Hati Shangguan Qingxue tiba-tiba bergetar. Sudah berapa lama, ia tidak merasakan perhatian hangat seperti ini? Rasa yang akrab namun sudah lama hilang.
Ia pun teringat pada mendiang ibunya, satu-satunya orang di keluarganya yang benar-benar mencintai dan melindunginya. Namun sosok itu telah pergi untuk selamanya sejak bertahun-tahun silam.
Ia menarik napas panjang, berusaha menampilkan sedikit senyum walaupun hatinya terasa pilu.
“Terima kasih, aku sudah memikirkannya dengan matang. Aku tidak akan melakukan kebodohan itu lagi.”
Ia tidak menanggapi tawaran bantuan Chen Feng, bukan karena ia mengabaikan, tapi karena ia tahu Chen Feng tidak akan bisa membantunya. Jadi, untuk apa membuat orang lain kesulitan?
“Kalau begitu, aku harus segera masuk kelas. Sampai jumpa.”
Chen Feng pun bersiap melangkah pergi.
“Tunggu sebentar.”
Suara lembut itu kembali menahan langkahnya.
“Ya?” tanya Chen Feng kebingungan.
Shangguan Qingxue mengeluarkan sebuah kartu ATM dan menyodorkannya kepada Chen Feng, “Ini untukmu.”
Wajah Chen Feng langsung berubah. Ia menatap kartu itu, lalu melihat wajah Shangguan Qingxue, perasaan tidak nyaman memenuhi hatinya, suaranya pun menjadi dingin, “Aku tidak bisa menerimanya.”
Perubahan sikap Chen Feng jelas terlihat oleh Shangguan Qingxue.
Ia tersenyum lembut, lalu berkata, “Di dalam kartu ini tidak banyak uang, hanya sepuluh ribu saja, hasil jerih payahku bekerja paruh waktu.
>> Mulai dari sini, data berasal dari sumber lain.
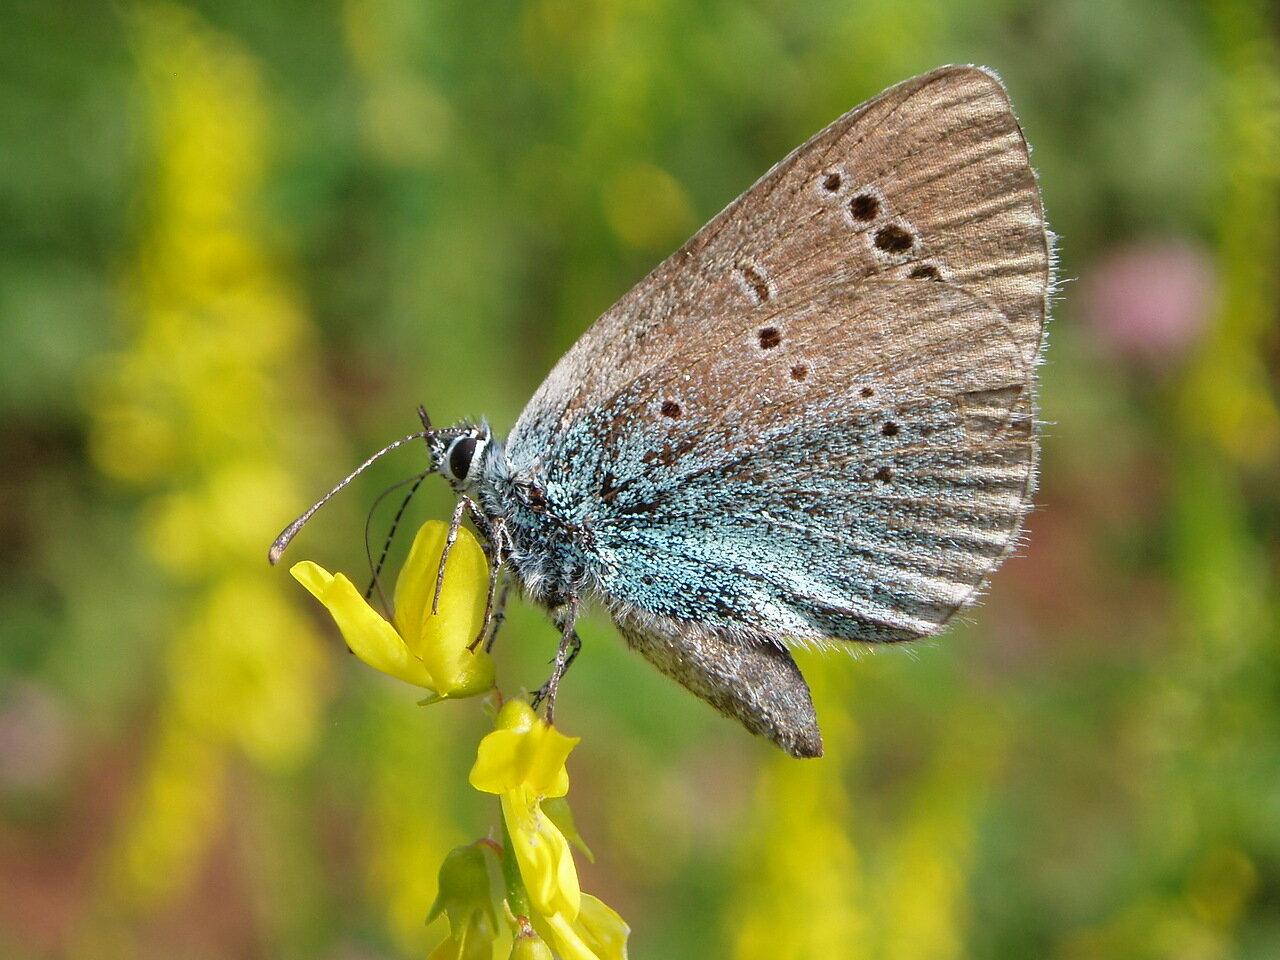 Голубянка алексис (Glaucopsyche alexis). Автор фото: Владимир Брюхов

Aku memberikannya bukan karena maksud lain, hanya ingin sedikit mengungkapkan rasa terima kasih. Aku tahu, uang ini tidak sebanding dengan nyawaku yang kau selamatkan, tapi aku tetap berharap kamu mau menerimanya. Kumohon.”
Tatapan mata Shangguan Qingxue tetap jernih tanpa noda. Chen Feng tertegun cukup lama, akhirnya ia menerima kartu itu.
“Terima kasih.”
Shangguan Qingxue tampak sangat senang. Matanya yang indah menyipit seperti bulan sabit.
Seakan tertular kebahagiaan gadis itu, Chen Feng pun ikut tersenyum tanpa sadar.
“Oh iya, sandinya adalah tanggal lahirku...” Belum selesai bicara, ia terlihat malu dan buru-buru menambahkan, “Jangan sampai lupa.”
Chen Feng mengangguk sambil tersenyum, “Aku ingat.”
Melihat Chen Feng, wajah Shangguan Qingxue tiba-tiba memerah tanpa sebab. Ia pun berkata, “Sampai jumpa,” lalu berlari pergi.
Chen Feng hanya bisa terpaku memandangi sosoknya yang menjauh, kemudian ia mengepalkan kartu ATM itu erat-erat dan berbalik pergi.